May 22, 2009 • written by Abby Hammes  
Filed under Senior Edition

        As the days grow longer and the temperatures warmer, the countdown until graduation has begun. Previous to now, I’ve shoved the thought of graduation far back in my mind. I never tried on my cap or gown, but stored them out of sight in a spare closet; I have not come to terms with the fact that a majority of my best friends are going out of town for college next year, seemingly leaving me behind; and I have almost avoided senioritis (yeah right).

        However, I now realize that the day is coming. Graduation is real, and what we face after it is looming in the distance. I always thought I would look forward to graduation with apprehension and relief, but what I’m feeling now is a mix of emotions I don’t even know if I can begin to sort out.

        In retrospect, high school has been a gargantuan swirl of stress, little sleep, lots of studying, and struggling to stay sane. With this have come great friends, insane inside jokes, spontaneous outings, and genuinely good times. I honestly can’t say what I’m going to remember when I look back on high school in thirty years. I hope I remember the good times.

        A lot of us are saying that we can’t wait to get out of here, and I’m right there with you. I’m sick of the droning day-to-day monotony of high school life. I’m sick of the little drama and pettiness I have to deal with. I’m sick of the constant stress and pressure.

        The problem is, once I think about it, graduating isn’t going to save me. It’s a big world out there, and I’m still not sure where I’m headed. Even though I’ve decided on attending North Dakota State University in the fall, a comfortable college close to home, where a large number of our seniors will be attending, I don’t know where to go from there.

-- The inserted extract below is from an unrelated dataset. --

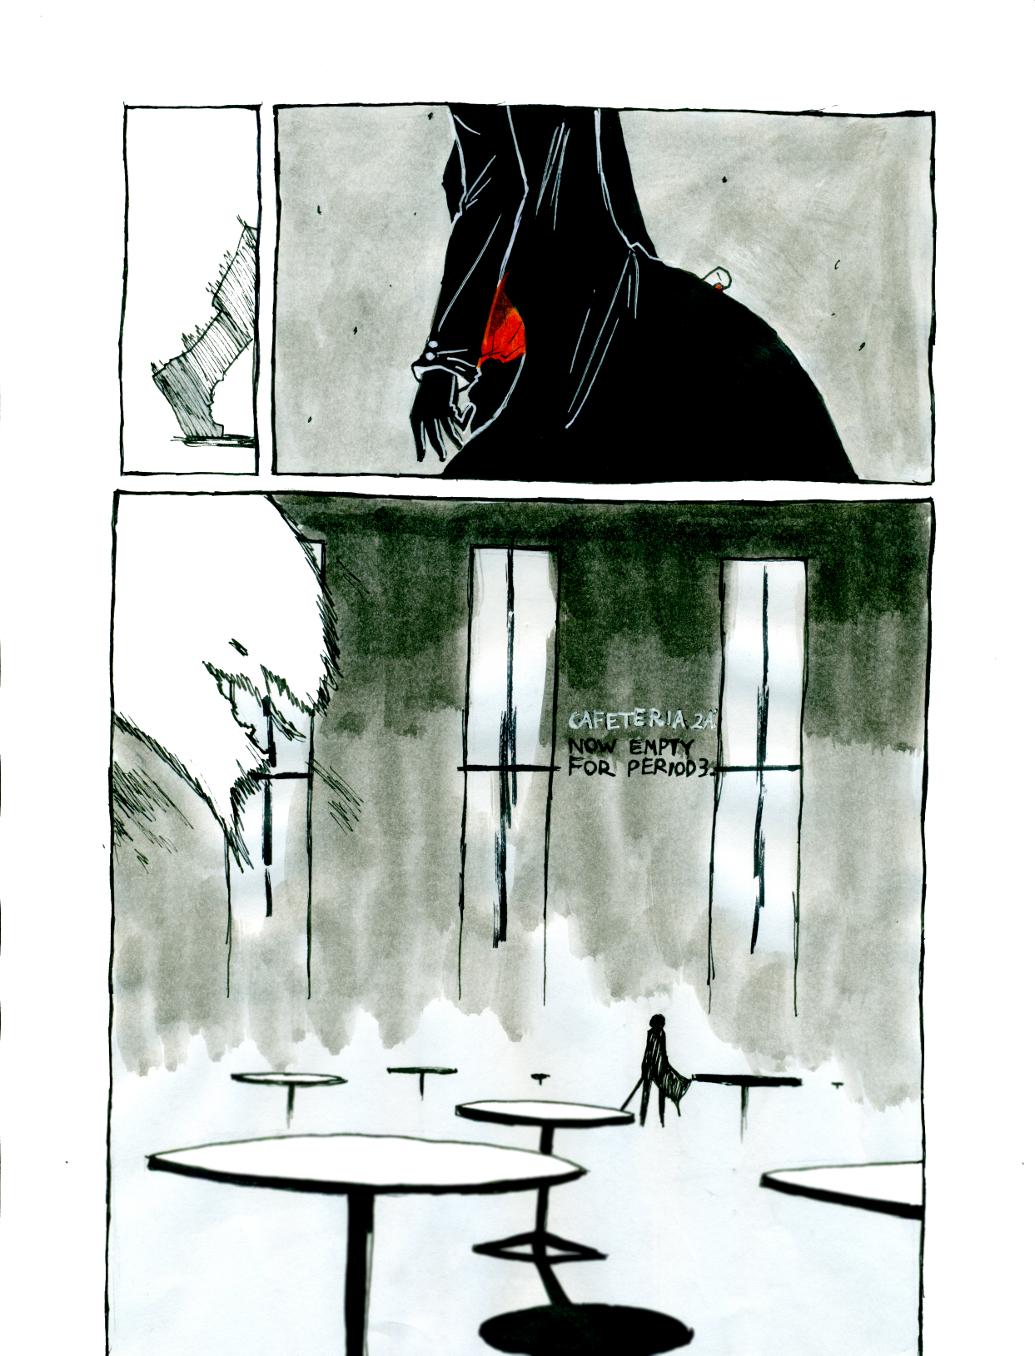 EP 1: pg 035

        I always thought I would have it all figured out. I’d get good grades throughout high school, be super involved, get into a really great college, and work my tail off to get a degree to form a spectacular career so I could live happily ever after. But reality is crashing down on me. The fact of the matter is, I didn’t get a chance to apply to a really great college. I think NDSU is a great school, but I’m not necessarily excited to go there. This is without mentioning that once I go there, I’m going to have to face the daunting question of what I want to do with the rest of my life. Honestly, I don’t know if I’m ready for the rest of my life.

        I don’t know what the future will bring. I could absolutely love NDSU. I could miraculously find my calling tomorrow. I could sufficiently be able to keep in touch with my current friends all while making new ones. I’m not sure. What I do know is that with so many eyes on graduation day, I can’t forget to live in today. Right now, I only need to make the best of what I have. All I can do is roll with the punches, come what may.